Por: Reinaldo Spitaletta
El Negro, le decían con desprecio los arribistas de los clubes oligárquicos. Un copiador de gestos de Mussolini, advertían otros acerca de las inflexiones de su voz recia y de los movimientos de manos del líder mestizo y popular, que, según él, no era un hombre, sino un pueblo.
Sesenta y cinco años después del Bogotazo, el país (¿el país nacional? ¿el país político?) no ha superado las distintas maneras de la violencia y todavía no sabemos si pertenecemos a una nación civilizada o, más bien, a una de barbarie, con criminales de cuello blanco y de los otros.
No sabemos aún (¿o sí?) si el sacrificio del caudillo haya servido para cambiar los comportamientos políticos en búsqueda de lo que antes se denominaba la concordia, o, al contrario, para afinar los modos salvajes de eliminar al otro y crear con continuidades un régimen de horrores y de intolerancias. La historia de los últimos 65 años nos indica que, tras el magnicidio del caudillo, se afinaron las violencias.
La voz de Gaitán vapuleó a la oligarquía liberal-conservadora y atrajo a los sedientes de justicia, a los olvidados y, al mismo tiempo, acrecentó odios contra su figura que desde hacía tiempos había, por ejemplo, mostrado actitudes de dignidad contra el imperialismo norteamericano. Al abogado bogotano nacido en 1898, le atraían las causas populares. Se volvió célebre su alegato contra la United Fruit Company por la masacre de las bananeras de 1928 y contra el gobierno permisivo de Miguel Abadía Méndez.
En 1948, cuando ya era una figura nacional, reconocida por sus posiciones en pro de los oprimidos (“¿qué diferencia hay entre el hambre liberal y el hambre conservadora?”), Gaitán no sólo aparecía como el seguro ganador de las elecciones presidenciales, sino como un símbolo del antiimperialismo. Por eso, iba a ser una de las voces centrales en la reunión de juventudes de América Latina en Bogotá, que se oponían a la IX Conferencia Panamericana, en la que la principal “atracción” era el general estadounidense George Marshall.

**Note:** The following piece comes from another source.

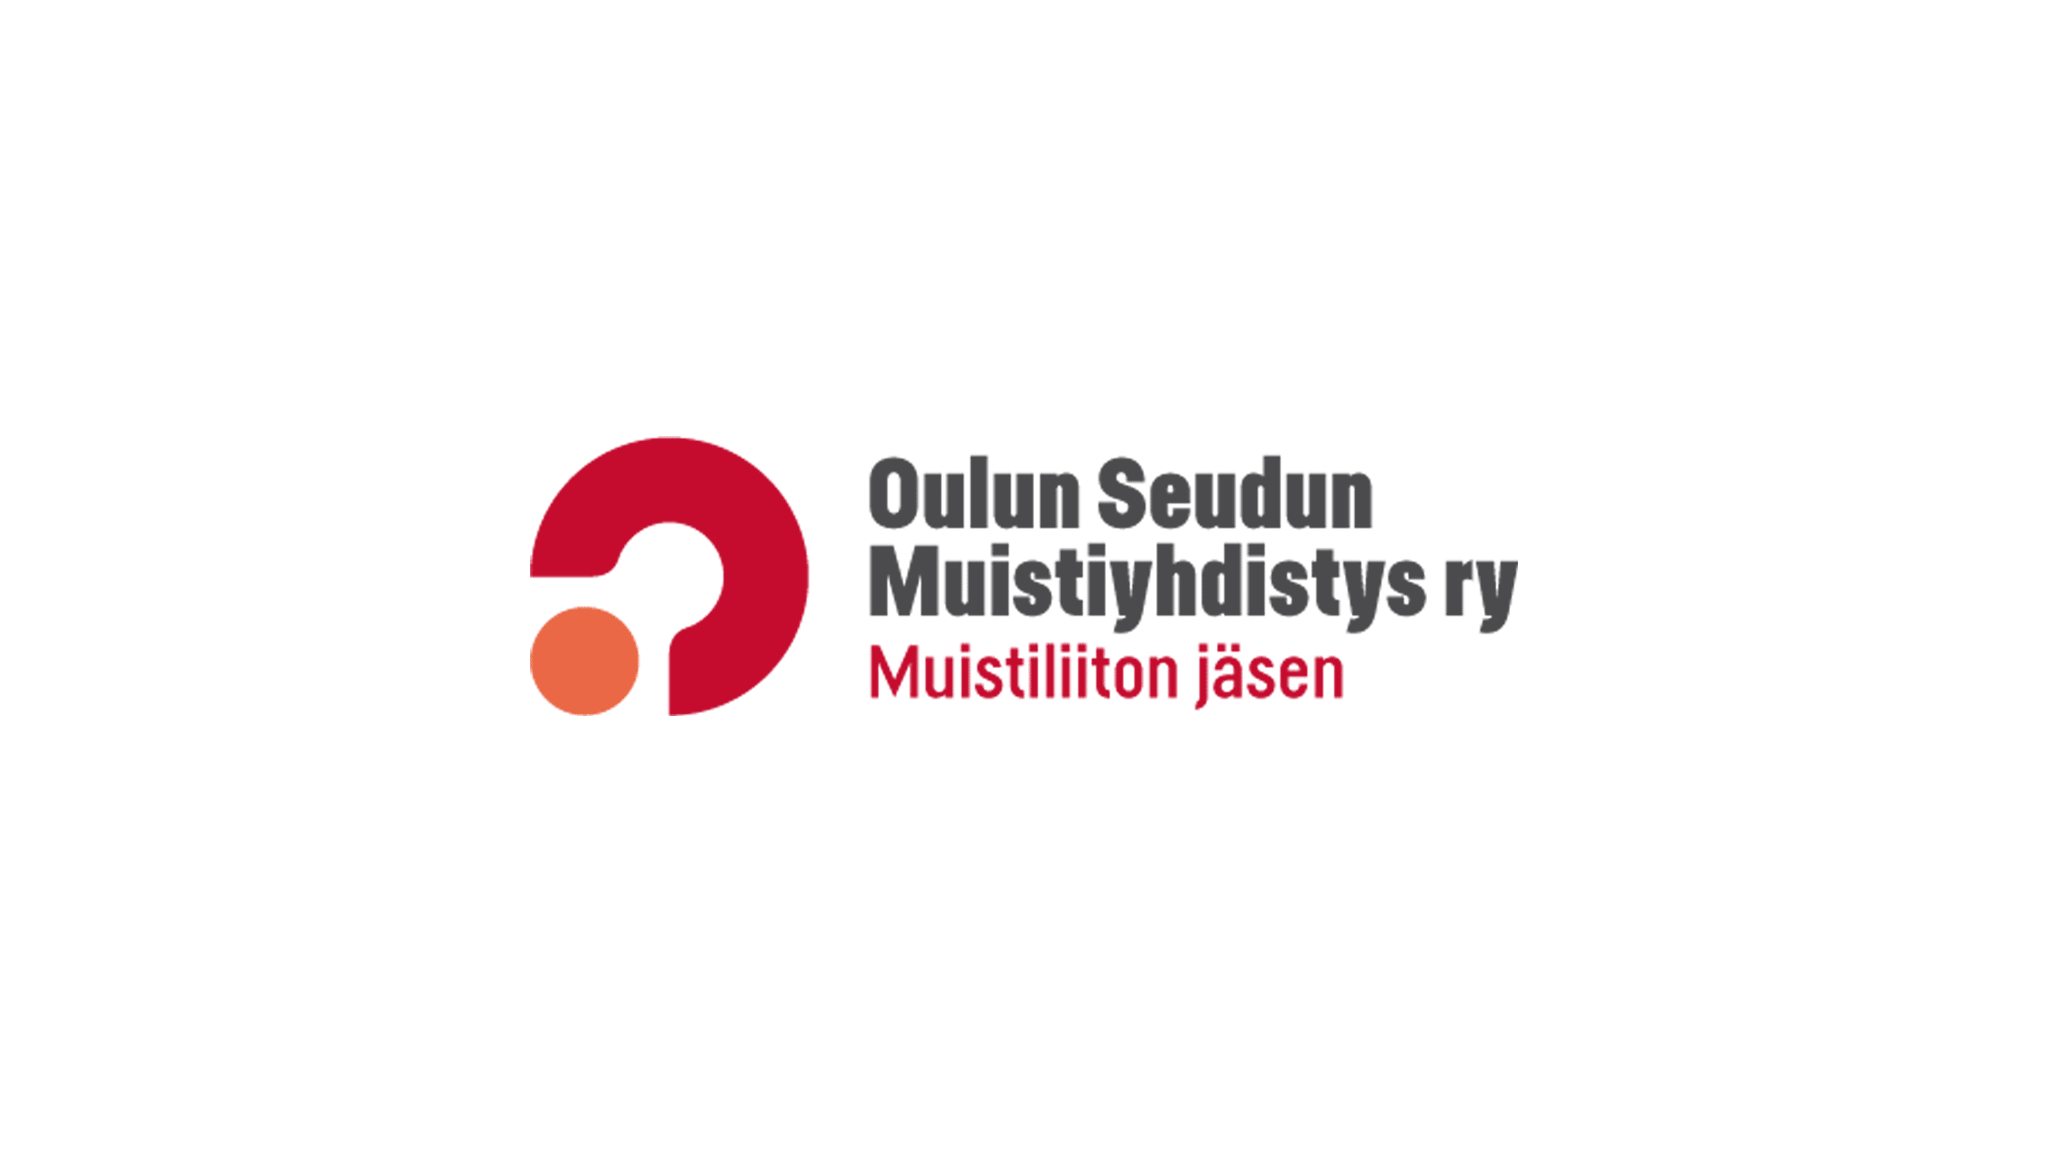 Oulun Seudun Muistiyhdistys

El movimiento popular de Gaitán era ya asunto de temer de parte de las élites en el poder. Y por eso había que cercenarlo desde su cabeza. Los balazos de Roa Sierra y el cadáver del líder fueron la mecha “que encendió la conflagración y desencadenó la fuerza cósmica del odio acumulado en años de injusticia y de explotación”, como lo dice J.A. Osorio Lizarazo en su novela El día del odio.
Atrás quedaban, por ejemplo, la Marcha del Silencio y la Oración por la paz pronunciada por el mismo hombre que había dicho que “el paludismo no es conservador ni liberal”; y las “ruanas indias y las alpargatas obreras” que tenían como esperanza de redención al dirigente, que en rigor era una “oveja negra” del liberalismo. Y adelante aparecerían un país incendiado, los ríos llenos de cadáveres, los “pájaros”, los chulavitas, los usurpadores de tierras, el infierno para aquellos que nada tenían y que terminarían descuartizados.
Sesenta y cinco años después del asesinato de Gaitán, el país sigue en medio de un largo conflicto armado, bajo el régimen de mafias de narcotraficantes y con enormes inequidades. Todavía no hay una solución democrática a la tenencia de la tierra, como aspiraba el dirigente de los desharrapados. Y cada vez la prosperidad está más lejana de los millones de pobres y desempleados de este país de infortunios.
El crimen de Gaitán conmovió al pueblo y lo soliviantó contra un régimen al que se atribuye la muerte del caudillo. El levantamiento, aunque desbocado y sin dirección política, se constituyó en una muestra de inconformidad y rebeldía. Sesenta y cinco años después algunas de las consignas gaitanistas siguen vigentes, entre ellas la de una paz basada en la “defensa de la vida humana” y en la justicia social.